How can SMEs and startups be encouraged in doing business, as the environment and present infrastructure is not exactly favourable?
I believe this government has started making little efforts in this regard. The amount of days to register a business has gone down and things like that. The process would take time and there are several new policies in place now to help SMEs; the government is thinking in the right direction and we need to remain patient but insistent on what we want.

What can be done on the issue of double taxation, which is crippling a lot of startups?
Not to support the government but when you go and find out, a lot of people re not getting their information from the right places. Someone says he has six taxes to pay and the next person beside him says the same thing or even increases the number. If you do diligent checks, it is not as much as people claim they are. I always tell entrepreneurs to check everything for themselves and not depend on word of mouth. Once you pay all necessary and legal taxes, anybody that comes to you asking for extra money, bring out your phone and record the transaction. Ask questions, find things out for yourselves, do your own research so that you don’t fall victim to thieves.

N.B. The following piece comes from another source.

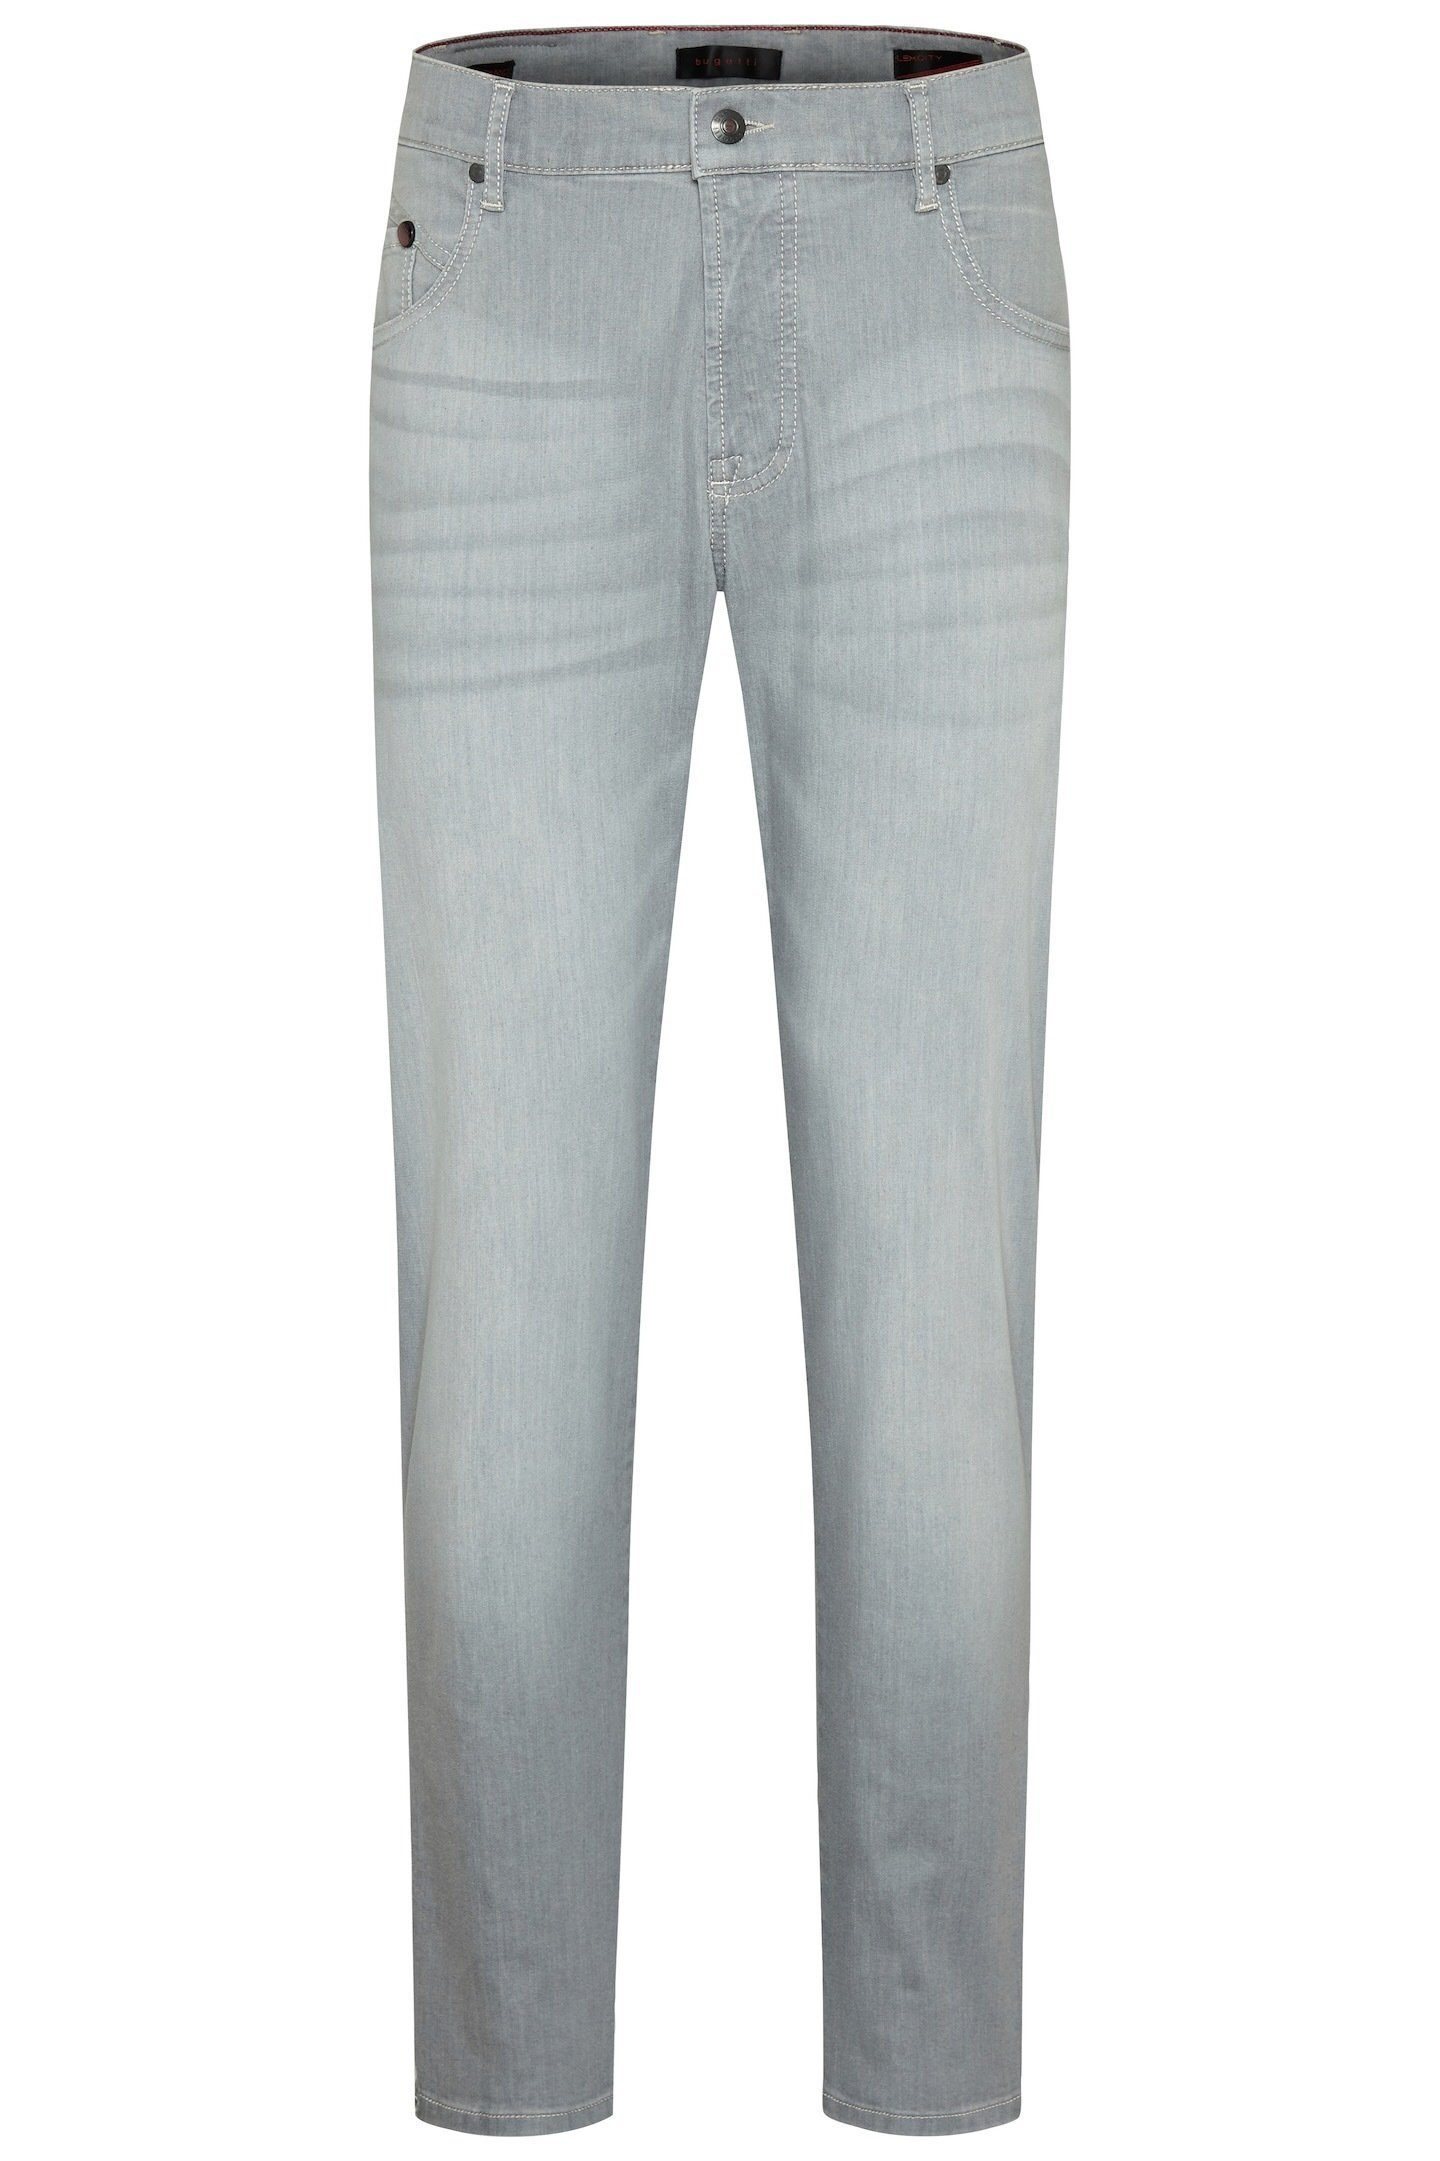 bugatti 5-Pocket-Jeans grau Used-Waschung mit

On another note, how do you relax?
I’m a spa addict, I like massages and going to the spa. Every person has to take time out to wind down. Lagos is stressful, Nigeria is a stressful country and you wont realize until you leave the country and come back. I either go to the spa or watch series all day; it helps me de-clutter my mind.

What legacies do you want to be remembered for?
I am a helper; I don’t believe that because one door has been opened to me I cannot now take other people along with me. One of the things I want to walk away with is looking back and saying to myself that along my journey, I helped X number of people and they themselves helped others. I want it to be like a ripple effect and I tell others this as well. When my time is up, I want people to be able to say I was gracious to them and I opened doors for them and their lives and businesses became better by virtue of meeting me. In another ten years, I might think differently but at the moment, I believe God has called me to help and to work with people.

For women that look up to you, what would you tell them?
I haven’t started yet so they shouldn’t look up to me (laughing), I’m just starting my life. This generation thinks things must be immediate and fast but it is a journey, there is no easy way to get things and we all have to work hard to get what we want. Of course, there would be challenges but always put your best foot forward and do the best you can. I will tell women: life is a journey and as you journey along, enjoy the process, enjoy every moment and live in it. You don’t want to look back and begin to have regrets of what you wanted to do but were afraid of doing.